L’été se passe et dans les derniers feux du mois d’août, Martine est de nouveau contactée par le rectorat qui lui propose un congé formation sur une année entière. « Il faut savoir qu’habituellement, on ne peut prendre que six mois d’un coup et que la demande doit être faite en janvier ». Malgré cette seconde tentative de sa hiérarchie, Martine Letellier tient bon et décide d’affronter la rentrée.
Une lettre envoyée aux parents et aux élèves
Un peu avant que le jour J n’arrive, la direction du collège-lycée envoie un courrier à tous les parents et élèves pour les informer que le professeur de physique chimie serait une professeure à la rentrée. Mais le courrier fuite et la nouvelle se retrouve, de fil en aiguille, annoncée par une radio locale. La machine médiatique s’affole et en un rien de temps, la transition de l’enseignante fait les titres de la presse locale, nationale et même internationale. « J’ai vu des articles sur moi dans la presse marocaine et canadienne », se remémore Martine.

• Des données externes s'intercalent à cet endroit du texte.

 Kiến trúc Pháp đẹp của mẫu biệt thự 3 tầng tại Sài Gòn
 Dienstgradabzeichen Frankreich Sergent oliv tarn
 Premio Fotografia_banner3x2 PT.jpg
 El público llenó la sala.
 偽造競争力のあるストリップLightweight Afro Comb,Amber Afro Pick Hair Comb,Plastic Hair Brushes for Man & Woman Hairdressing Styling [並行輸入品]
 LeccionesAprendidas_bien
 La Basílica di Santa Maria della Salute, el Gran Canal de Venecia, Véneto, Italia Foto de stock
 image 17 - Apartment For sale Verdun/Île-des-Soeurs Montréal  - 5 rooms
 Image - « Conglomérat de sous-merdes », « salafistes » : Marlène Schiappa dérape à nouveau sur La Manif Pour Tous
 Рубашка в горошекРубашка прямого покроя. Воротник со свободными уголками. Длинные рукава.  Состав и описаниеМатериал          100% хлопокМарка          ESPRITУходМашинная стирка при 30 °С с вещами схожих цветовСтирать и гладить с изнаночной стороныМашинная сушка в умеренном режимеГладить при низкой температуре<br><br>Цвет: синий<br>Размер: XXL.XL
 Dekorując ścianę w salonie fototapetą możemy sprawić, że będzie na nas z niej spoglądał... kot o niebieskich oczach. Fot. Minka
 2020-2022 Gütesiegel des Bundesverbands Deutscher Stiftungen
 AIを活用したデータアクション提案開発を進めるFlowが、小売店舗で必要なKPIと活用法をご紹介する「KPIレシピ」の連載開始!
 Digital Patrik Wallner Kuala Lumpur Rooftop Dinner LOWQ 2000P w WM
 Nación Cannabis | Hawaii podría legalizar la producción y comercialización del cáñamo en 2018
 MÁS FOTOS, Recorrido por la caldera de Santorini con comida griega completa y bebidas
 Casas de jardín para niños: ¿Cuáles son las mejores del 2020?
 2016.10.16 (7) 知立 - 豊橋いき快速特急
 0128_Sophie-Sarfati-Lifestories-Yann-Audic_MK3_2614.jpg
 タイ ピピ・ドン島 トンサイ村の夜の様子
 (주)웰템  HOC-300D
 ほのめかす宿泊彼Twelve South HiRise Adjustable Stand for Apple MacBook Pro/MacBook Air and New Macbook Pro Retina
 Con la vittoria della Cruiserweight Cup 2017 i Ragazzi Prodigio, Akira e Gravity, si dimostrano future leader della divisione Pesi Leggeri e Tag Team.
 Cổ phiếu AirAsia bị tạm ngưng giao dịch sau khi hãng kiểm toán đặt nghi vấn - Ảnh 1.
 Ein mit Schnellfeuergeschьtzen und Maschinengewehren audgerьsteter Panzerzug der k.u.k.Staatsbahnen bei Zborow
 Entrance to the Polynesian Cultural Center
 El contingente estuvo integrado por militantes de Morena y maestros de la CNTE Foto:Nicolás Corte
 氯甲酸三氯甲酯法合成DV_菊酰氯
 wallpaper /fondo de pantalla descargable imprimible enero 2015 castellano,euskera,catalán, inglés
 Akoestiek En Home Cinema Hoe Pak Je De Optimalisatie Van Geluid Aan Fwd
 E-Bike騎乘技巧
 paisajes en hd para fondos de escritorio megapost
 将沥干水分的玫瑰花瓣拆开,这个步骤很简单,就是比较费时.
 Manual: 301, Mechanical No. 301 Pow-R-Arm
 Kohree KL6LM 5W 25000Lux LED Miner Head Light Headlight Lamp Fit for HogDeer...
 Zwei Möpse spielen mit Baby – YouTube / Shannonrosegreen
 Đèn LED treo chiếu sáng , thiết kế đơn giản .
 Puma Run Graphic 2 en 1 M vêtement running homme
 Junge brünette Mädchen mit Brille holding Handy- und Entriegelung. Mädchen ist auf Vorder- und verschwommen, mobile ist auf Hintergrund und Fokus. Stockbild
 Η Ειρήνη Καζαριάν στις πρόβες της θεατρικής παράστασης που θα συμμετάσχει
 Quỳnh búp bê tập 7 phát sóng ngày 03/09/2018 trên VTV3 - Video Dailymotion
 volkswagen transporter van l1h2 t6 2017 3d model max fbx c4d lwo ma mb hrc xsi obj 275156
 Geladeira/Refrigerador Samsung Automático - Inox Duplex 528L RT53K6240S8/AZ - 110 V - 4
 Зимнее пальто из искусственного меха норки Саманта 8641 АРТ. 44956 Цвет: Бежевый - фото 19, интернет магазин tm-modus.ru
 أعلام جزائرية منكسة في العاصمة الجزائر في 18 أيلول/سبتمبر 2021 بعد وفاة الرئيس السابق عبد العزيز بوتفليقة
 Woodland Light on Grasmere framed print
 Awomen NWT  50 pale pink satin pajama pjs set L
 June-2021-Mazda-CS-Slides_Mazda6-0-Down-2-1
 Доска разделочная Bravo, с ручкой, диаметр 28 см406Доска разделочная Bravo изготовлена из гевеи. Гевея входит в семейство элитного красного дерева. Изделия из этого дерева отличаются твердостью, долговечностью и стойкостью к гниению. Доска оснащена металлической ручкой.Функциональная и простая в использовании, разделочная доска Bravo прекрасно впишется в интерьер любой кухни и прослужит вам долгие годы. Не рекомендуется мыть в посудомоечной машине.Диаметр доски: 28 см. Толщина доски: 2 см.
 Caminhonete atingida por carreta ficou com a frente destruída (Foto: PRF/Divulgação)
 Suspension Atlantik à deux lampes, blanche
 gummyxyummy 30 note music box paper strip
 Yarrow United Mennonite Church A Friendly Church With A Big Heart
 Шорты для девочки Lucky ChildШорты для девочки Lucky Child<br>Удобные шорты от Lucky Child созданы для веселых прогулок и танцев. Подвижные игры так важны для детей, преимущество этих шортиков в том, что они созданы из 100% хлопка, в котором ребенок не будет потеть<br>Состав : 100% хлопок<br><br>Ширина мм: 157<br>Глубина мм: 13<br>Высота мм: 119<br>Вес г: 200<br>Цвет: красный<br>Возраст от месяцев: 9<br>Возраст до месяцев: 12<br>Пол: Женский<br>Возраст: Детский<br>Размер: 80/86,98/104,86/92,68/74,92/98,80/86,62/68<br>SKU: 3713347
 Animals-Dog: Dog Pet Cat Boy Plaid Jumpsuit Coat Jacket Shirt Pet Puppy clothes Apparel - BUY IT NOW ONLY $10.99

À ce moment, l’enseignante se protège en refusant d’apparaître à la conférence de presse organisée au niveau du diocèse, mais elle n’échappe pas aux répercussions: « Le moment que j’ai ressenti comme étant le plus violent, c’est quand je suis allée à la boulangerie. Juste à côté, il y avait un tabac presse et il y avait le panneau avec les affichettes jaunes de Ouest-France. Celle du jour annonçait : « un prof change de sexe pendant l’été ». C’est très bizarre de se retrouver face à cela, sachant qu’on est directement concerné.» En plus des articles, il faut également faire face aux commentaires « parfois odieux » des internautes.
C’est dans ce contexte que la rentrée se déroule : « Je me rappelle de mon premier cours, c’était avec une classe de seconde, et j’étais très angoissée ». La professeure est autorisée à répondre aux questions des élèves qui, finalement, s’habituent très vite à la situation. « Au début, il y a eu des petits rires de gêne, mais très rapidement, il n’y a plus rien eu du tout. Je dirais que ça s’est très bien passé avec eux ». Mieux qu’avec certaines collègues qui signalent leur malaise à voir entrer Martine dans les toilettes des femmes.
Interdiction d’accompagner les sorties scolaires
De même, on interdit à Martine d’accompagner les élèves en sortie scolaire. « Des collègues féminines ne souhaitaient pas dormir dans la même chambre que moi ou parce que j’étais lesbienne ou parce que j’étais trans. » L’année d’après, la professeure est enfin autorisée à accompagner les jeunes : « On m’a donné une chambre de dix personnes pour moi toute seule. Et à l’étage des garçons, parce qu’on ne sait jamais… », ironise-t-elle.
Ce coming out a également une autre conséquence : « À l’époque, le directeur pouvait attribuer des points d’avancement aux enseignants. À partir du moment où j’ai fait mon coming out je n’ai plus eu aucun point. Quand on passe un échelon, là, on est obligé d’avoir des points et ça ne repose pas sur le directeur. J’ai donc dû attendre de passer un échelon pour obtenir les fameux points. » Elle poursuit : « Mon coming out a clairement ralenti l’avancement de ma carrière. »
Néanmoins, Martine souligne que faire son coming out professionnel a été « libérateur et m’a permis de vivre plus facilement sur le plan personnel. »
Un peu plus d’une décennie s’est écoulée et l’enseignante estime que ce qu’il s’est passé à son époque ne pourrait pas se répéter aujourd’hui : « Il n’y aurait pas d’article dans les médias. J’ai un peu essuyé les plâtres en 2010. Mais je me souviens qu’en 2012, un prof d’un autre lycée privé de Nantes a fait son coming out trans et ça s’est passé infiniment plus calmement que dans mon cas. ». L’enseignante met aussi en évidence les avancées de la société depuis une décennie : « C’est plus facile aujourd’hui », et d’ajouter et de conclure : « il ne faut cependant pas se leurrer, il y a toujours de la transophobie ».